DexFlow: A Unified Approach for Dexterous Hand Pose Retargeting and Interaction
Xiaoyi Lin, Kunpeng Yao, Lixin Xu, Xueqiang Wang, Xuetao Li, Yuchen Wang, Miao Li
TL;DR
This work tackles the challenge of transferring human dexterous hand motions to robotic hands by integrating human motion priors with a contact-aware optimization pipeline. The authors propose a hierarchical, three-stage framework that combines global pose initialization, two-stage pose refinement with a differential temporal constraint, and frame-level contact maps to refine hand-object interactions. A dual-threshold contact extraction with temporal smoothing, together with sequential finger optimization, yields more realistic grasps and dramatically reduces interpenetration artifacts.
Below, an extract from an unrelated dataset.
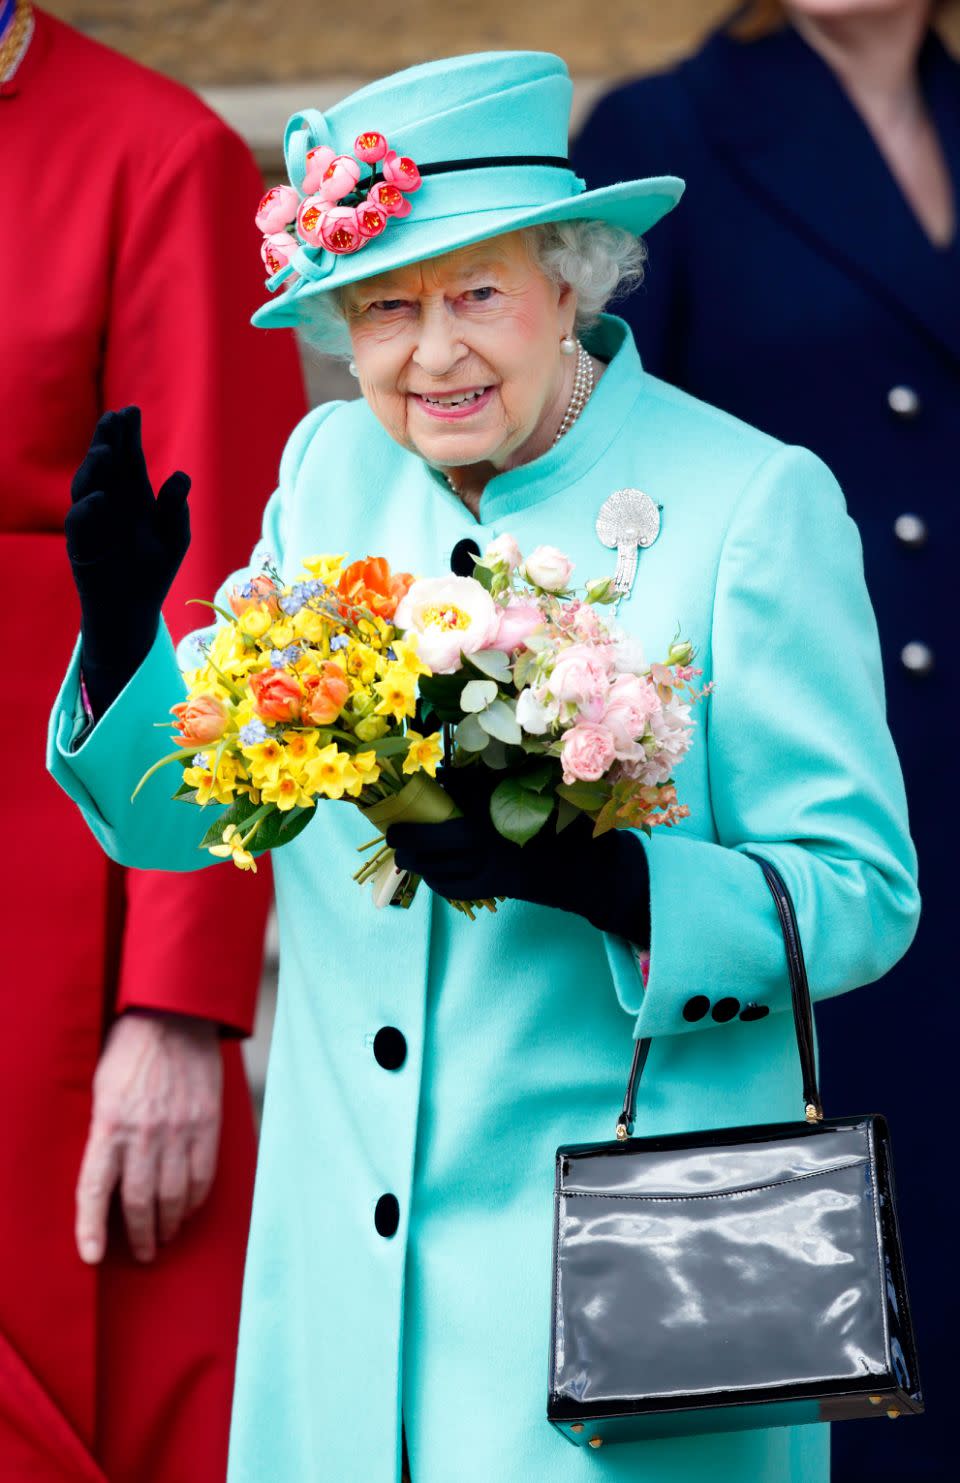 The Queen also uses her handbag to send signals. Photo: Getty

The method is demonstrated on a large-scale dataset of 292k grasp frames (50 YCB objects) and shows a 7.5× improvement in semantic success rate over prior retargeting approaches, with favorable metrics in contact quality and physical plausibility. Overall, the approach provides a practical, data-efficient pathway to generate high-fidelity hand-object interaction data for dexterous robotic manipulation.
Abstract
Despite advances in hand-object interaction modeling, generating realistic dexterous manipulation data for robotic hands remains a challenge. Retargeting methods often suffer from low accuracy and fail to account for hand-object interactions, leading to artifacts like interpenetration. Generative methods, lacking human hand priors, produce limited and unnatural poses. We propose a data transformation pipeline that combines human hand and object data from multiple sources for high-precision retargeting. Our approach uses a differential loss constraint to ensure temporal consistency and generates contact maps to refine hand-object interactions. Experiments show our method significantly improves pose accuracy, naturalness, and diversity, providing a robust solution for hand-object interaction modeling.